In this Thesis, we explore the reactivity of organometallic complexes of nickel towards activating bonds in esters, thioesters, and oxaziridines, as well as study the mechanism by which nickel mediates the trifluoromethylthiolation of aryl chlorides. Chapter 1 delves into modern developments in activating and forming C–F bonds using group 10 transition metal complexes. Emphasis is placed on the challenges and strategies employed, such as ligand design and additive choice, to achieve selective C-F bond activation and formation. In Chapter 2, we explore the reactivity of a low valent nickel complex with esters and thioesters. Stoichiometric cross-coupling of thioesters proceeds via initial C(acyl)-S bond insertion by nickel, followed by transmetallation with phenylboronic acid to form thioethers. Esters react via C(aryl)-O bond insertion and transmetallation to afford heterobiaryls. We discuss how our attempts at rendering the above transformations catalytic led to the identification of nickel complexes that prevent catalytic turnover. We also collaborate with the Kennepohl group at UBC to study the degree of Ni(0) versus Ni(II) character in a series of bisphosphine nickel complexes, obtaining evidence that the bonding in the Ni π-complexes exhibits major backbonding from the bisphosphine ligand with minor contributions from σ-bonding. In Chapter 3, we show that nickel can cleave the weak N–O bond in oxaziridines to generate a variety of organonickel complexes. We study the fragmentation of an oxazanickelacyclobutane and test the potential catalytic applications of the complexes toward the synthesis of amides and oxazoles. However, we observe the formation of nickel complexes that are thermodynamic sinks which impede catalysis. In Chapter 4, we seek to uncover the mechanism of the Ni-catalyzed trifluoromethylthiolation of aryl chlorides using AgSCF₃. using a combination of stoichiometric experiments, cyclic voltammetry, and NMR spectroscopic studies.
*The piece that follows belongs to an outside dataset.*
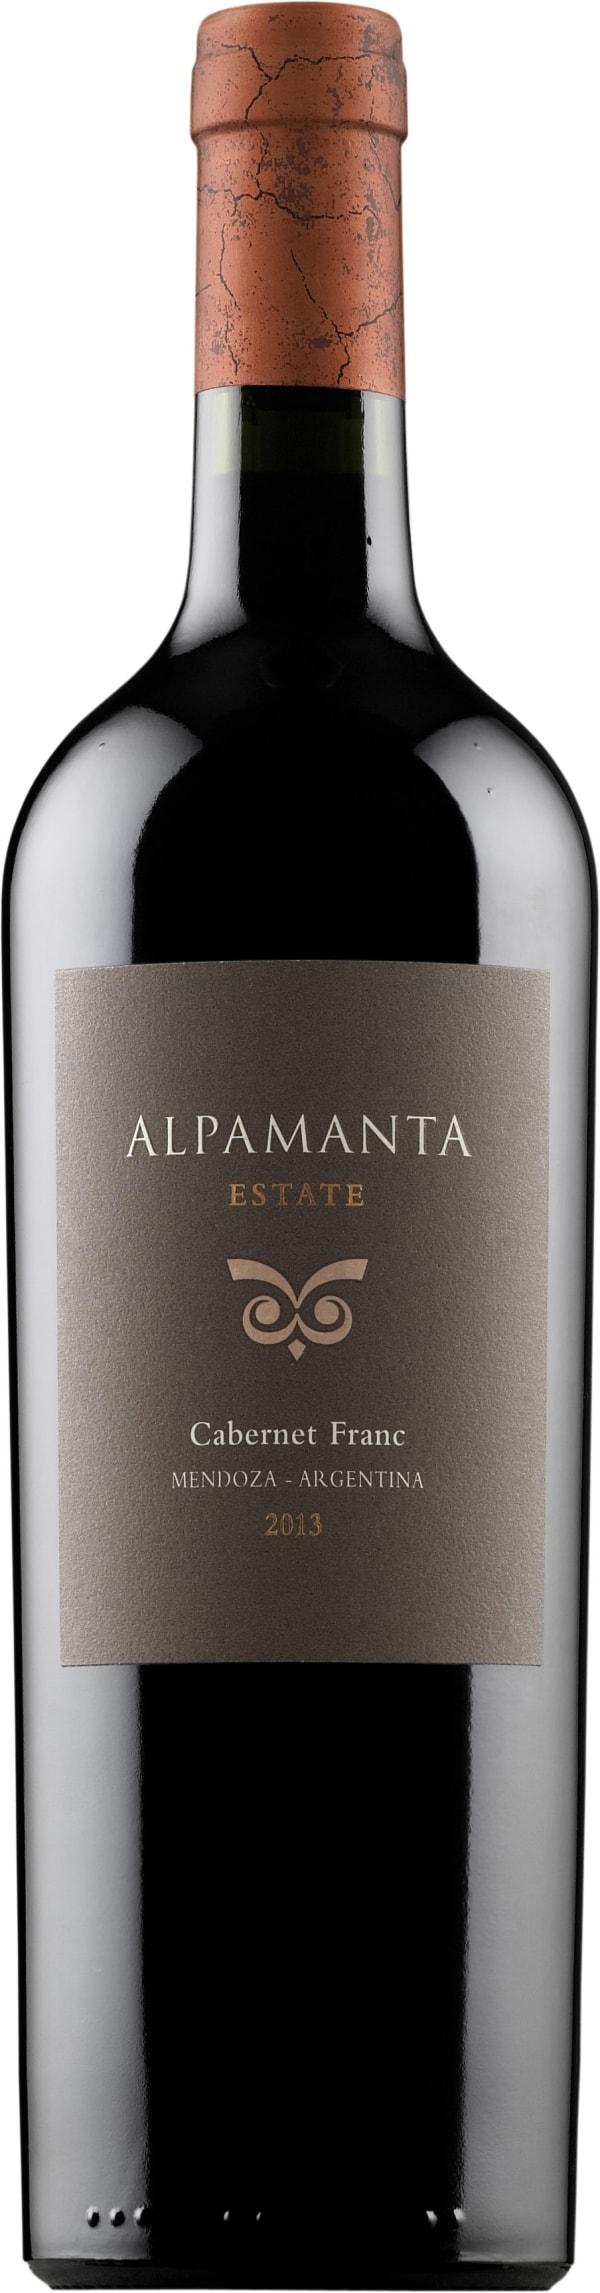 Alpamanta Estate Cabernet Franc 2013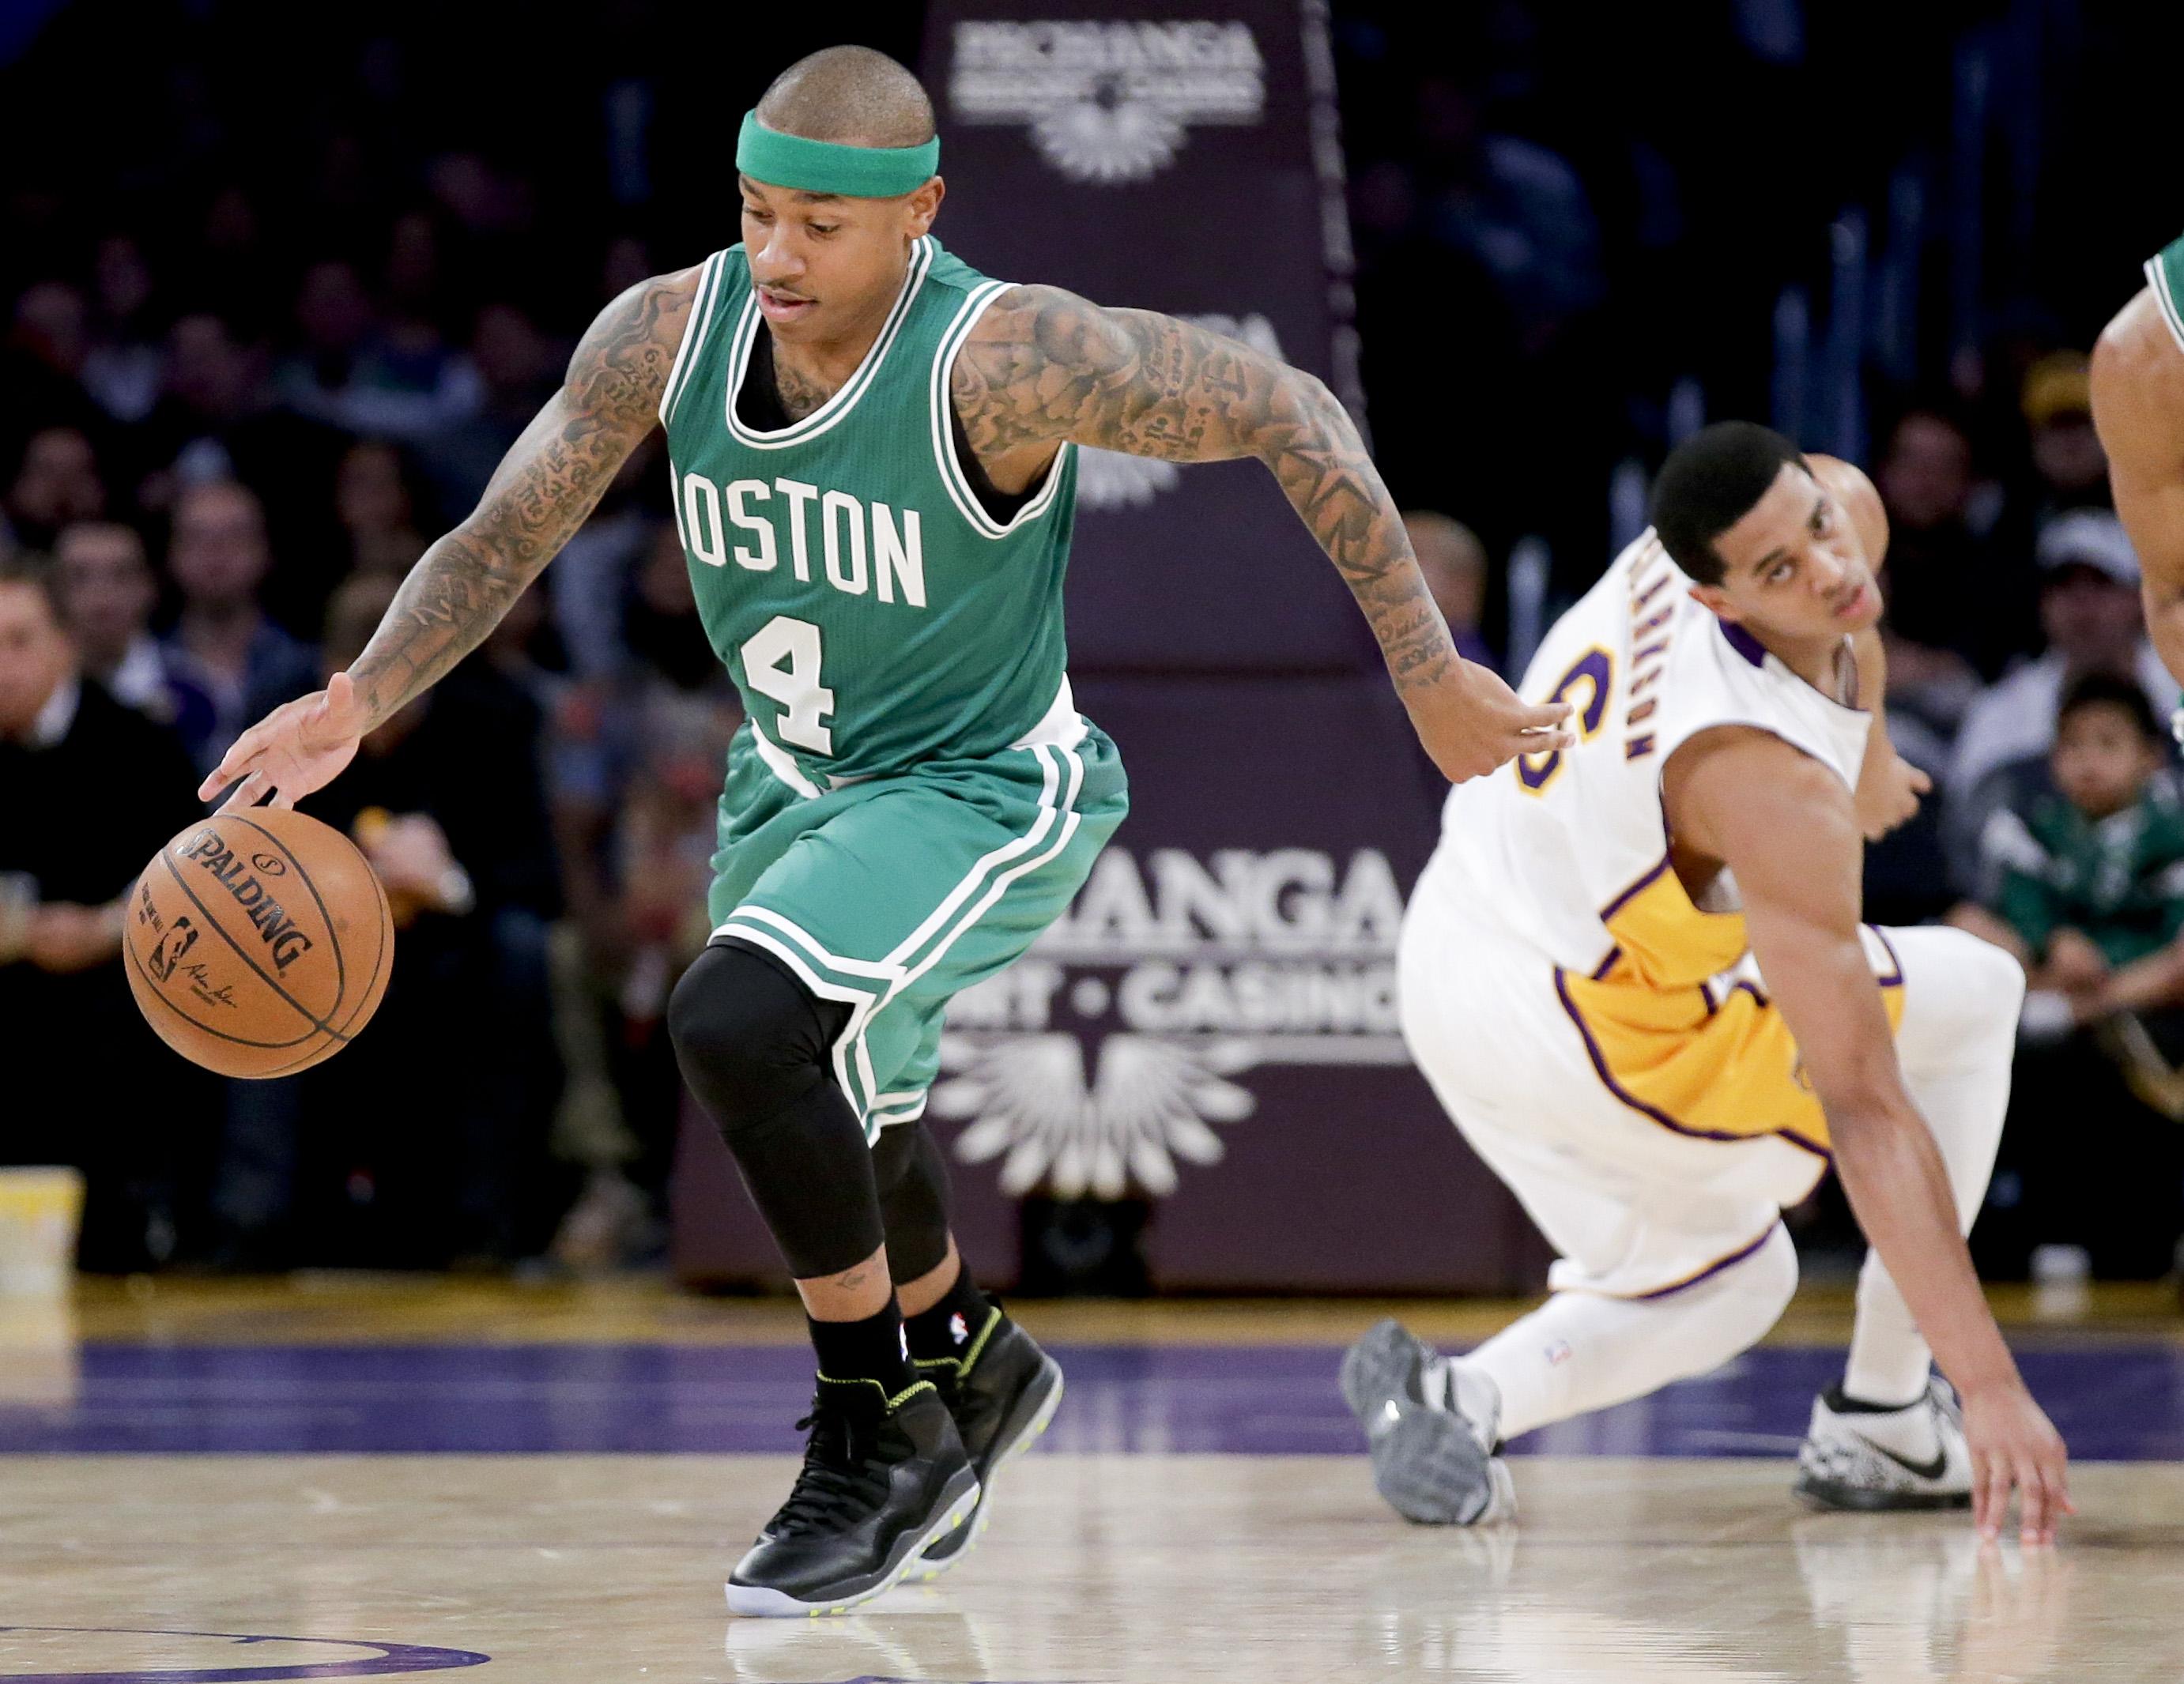 Isaiah Thomas Gets Appraisal From Celtics Legend Nate Tiny

We identify a major side reaction that forms a nickel fluoride complex and obtain evidence that suggests a pathway involving inner sphere electron transfer from silver to nickel. By studying the reactivity of nickel complexes and their roles in catalytic reactions, we hope to inform scientists on improved ligand design, substrate choice, and reaction conditions that would lead to more efficient catalysis.